DynamicSound simulator for simulating moving sources and microphone arrays

Developing algorithms for sound classification, detection, and localization requires large amounts of flexible and realistic audio data, especially when leveraging modern machine learning and beamforming techniques. However, most existing acoustic simulators are tailored for indoor environments and are limited to static sound sources, making them unsuitable for scenarios involving moving sources, moving microphones, or long-distance propagation. This paper presents DynamicSound an open-source acoustic simulation framework for generating multichannel audio from one or more sound sources with the possibility to move them continuously in three-dimensional space and recorded by arbitrarily configured microphone arrays.

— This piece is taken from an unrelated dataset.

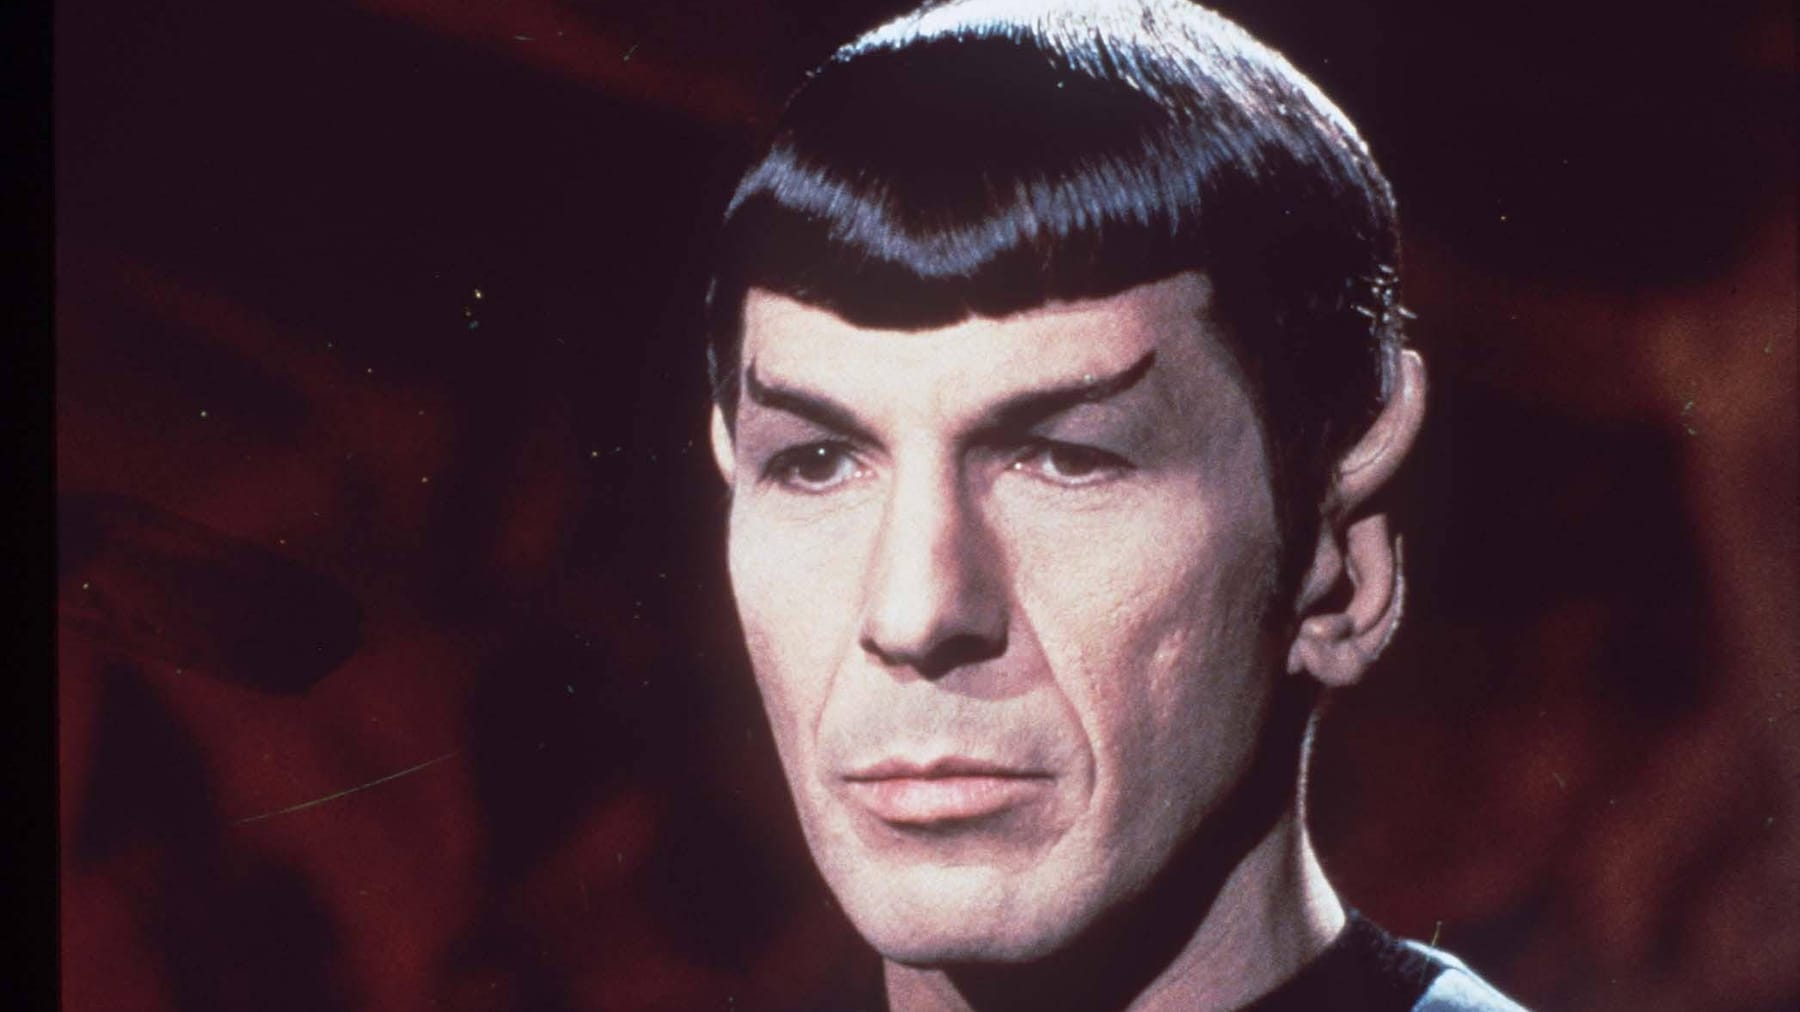 The planet where Mr. Spock lived was an “astronomical illusion.”
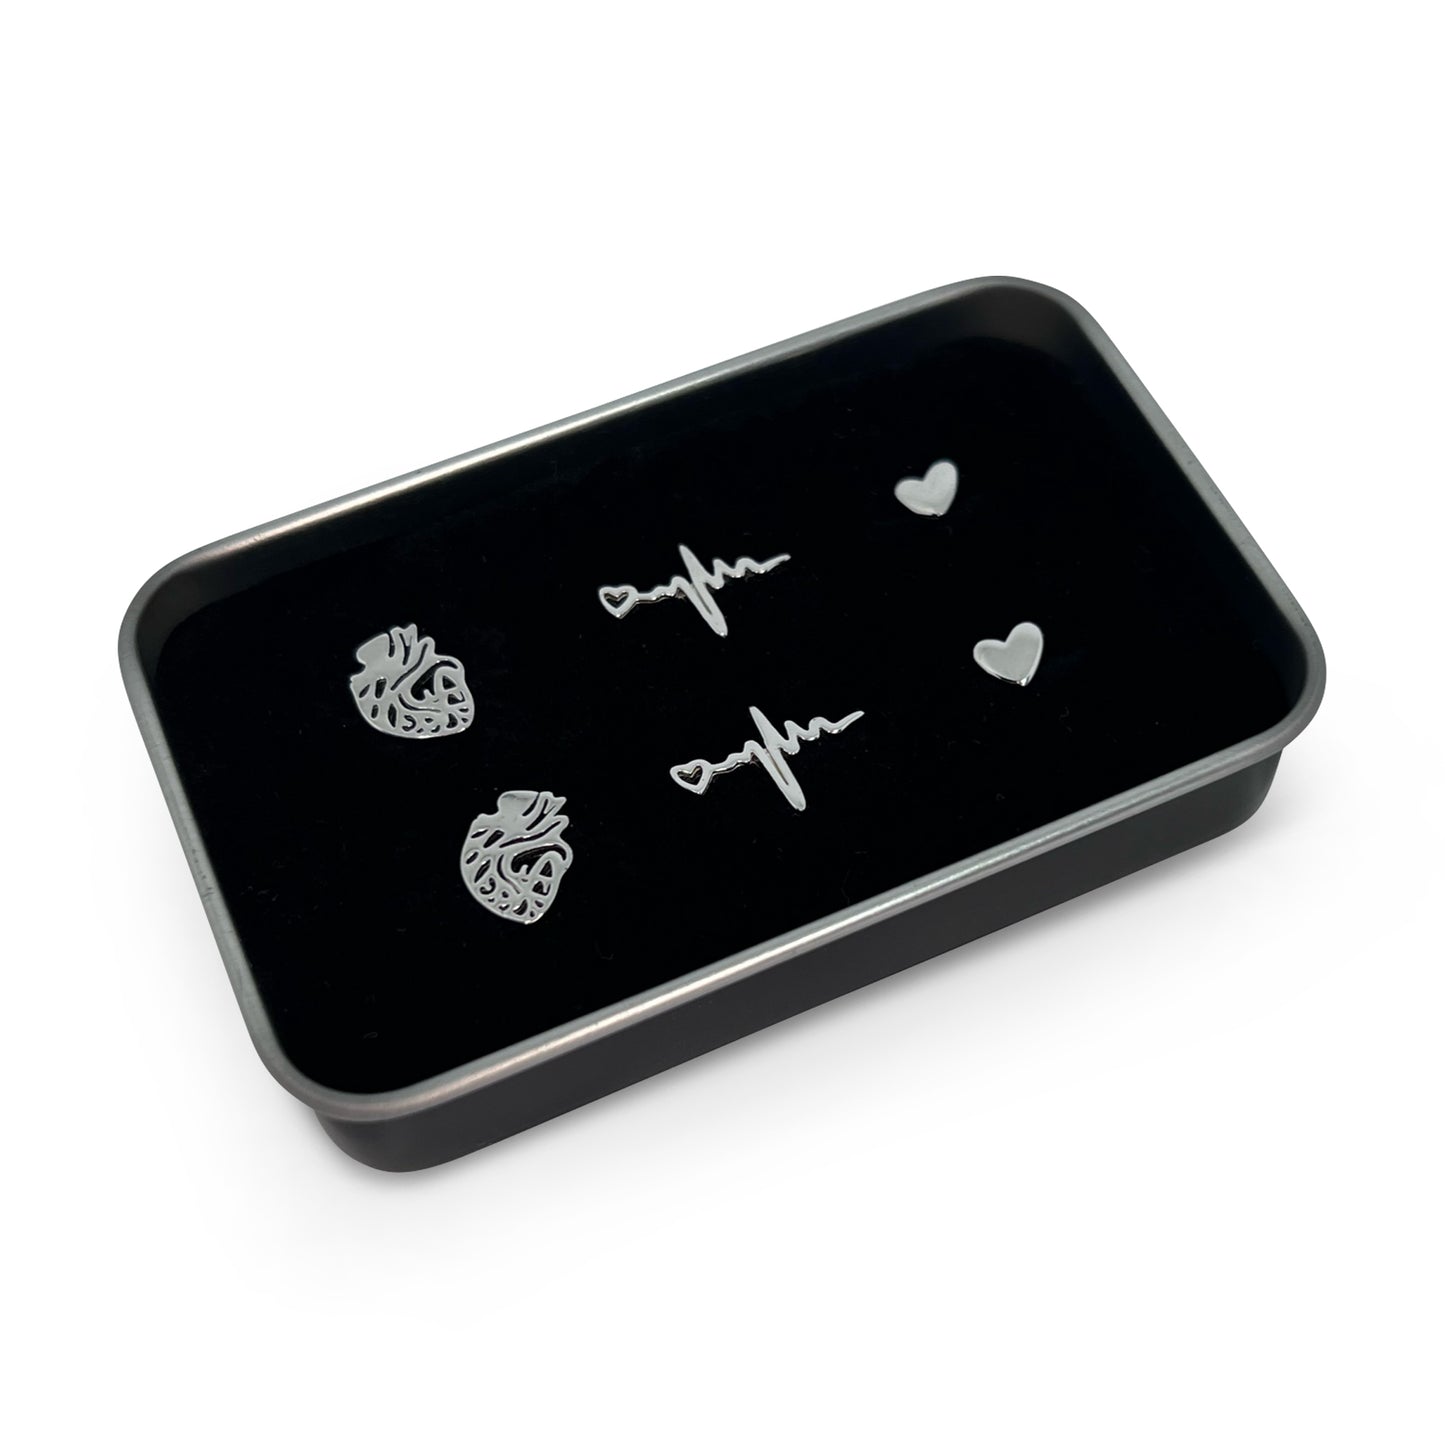 Buy Sistasaidso+ *Limited Edition - Sterling Silver + White Gold Plated* Cardiac Collection Stud Earrings Online - Sistasaidso+

The proposed model explicitly accounts for finite sound propagation delays, Doppler effects, distance-dependent attenuation, air absorption, and first-order reflections from planar surfaces, yielding temporally consistent spatial audio signals. Unlike conventional mono or stereo simulators, the proposed system synthesizes audio for an arbitrary number of virtual microphones, accurately reproducing inter-microphone time delays, level differences, and spectral coloration induced by the environment. Comparative evaluations with existing open-source tools demonstrate that the generated signals preserve high spatial fidelity across varying source positions and acoustic conditions. By enabling the generation of realistic multichannel audio under controlled and repeatable conditions, the proposed open framework provides a flexible and reproducible tool for the development, training, and evaluation of modern spatial audio and sound-source localization algorithms.